**Directions for this task:** Pictures appear among the records below and must be omitted. Repeat exactly the lines from the line with "Graceful Dolphin Swimming" to the line with "Call of Duty", both included.

**Material shown:**
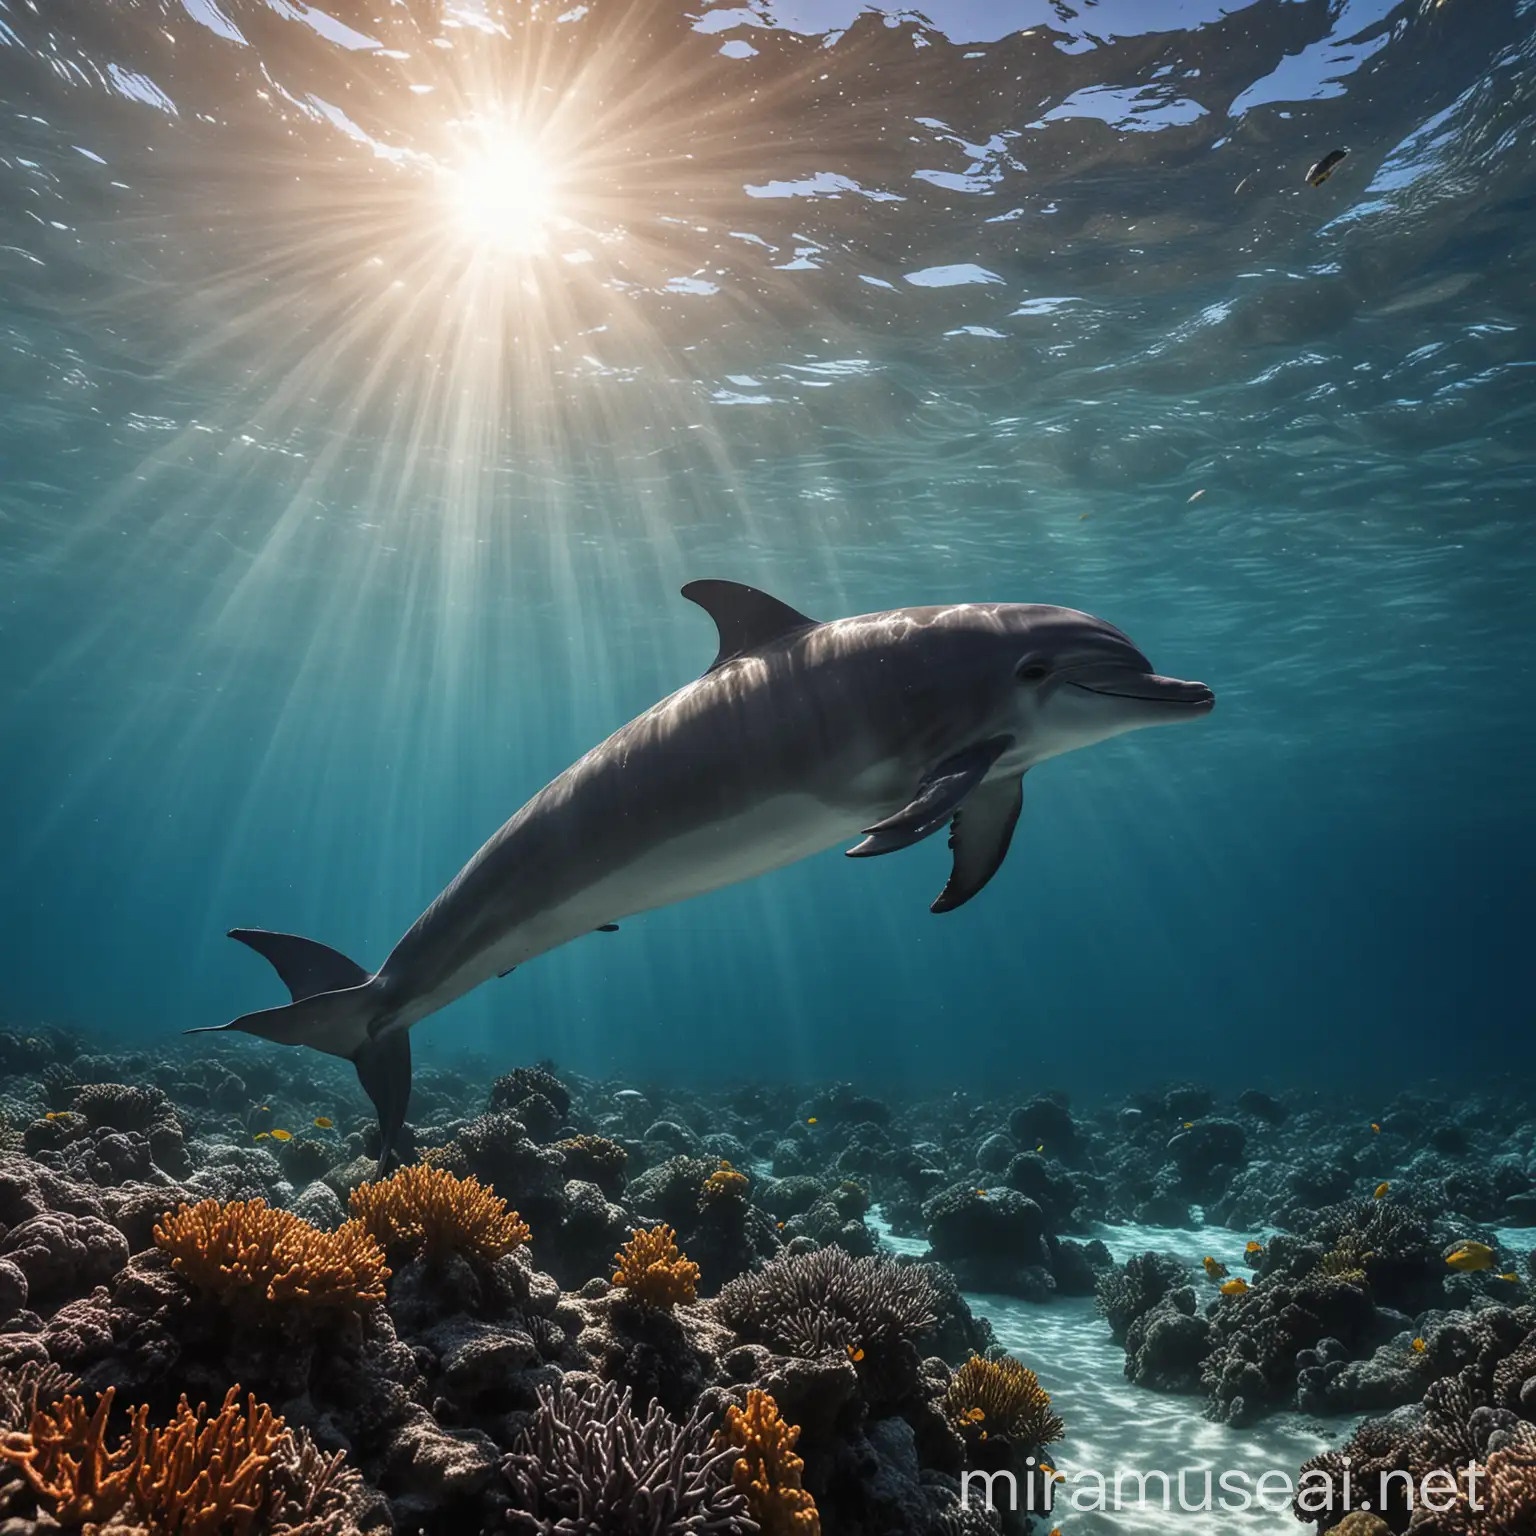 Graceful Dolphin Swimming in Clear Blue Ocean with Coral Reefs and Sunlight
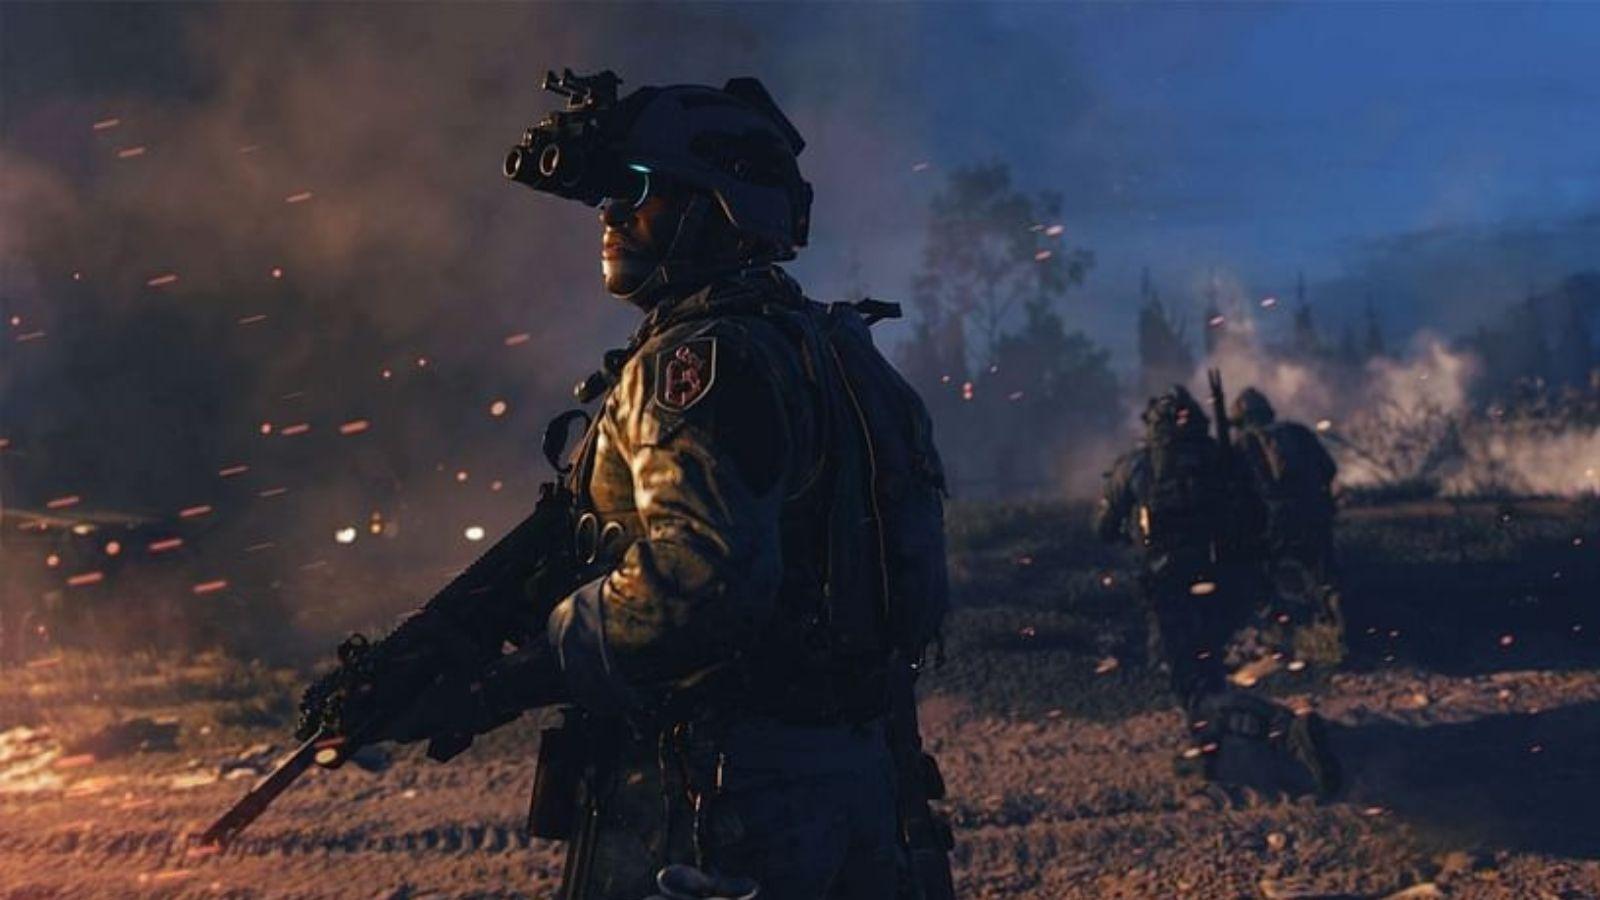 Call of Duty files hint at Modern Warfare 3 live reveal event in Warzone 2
==
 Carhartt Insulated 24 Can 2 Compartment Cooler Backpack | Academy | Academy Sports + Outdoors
---
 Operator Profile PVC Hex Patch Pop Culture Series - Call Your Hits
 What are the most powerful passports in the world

**Result for this exercise:**
 Graceful Dolphin Swimming in Clear Blue Ocean with Coral Reefs and Sunlight
 Call of Duty files hint at Modern Warfare 3 live reveal event in Warzone 2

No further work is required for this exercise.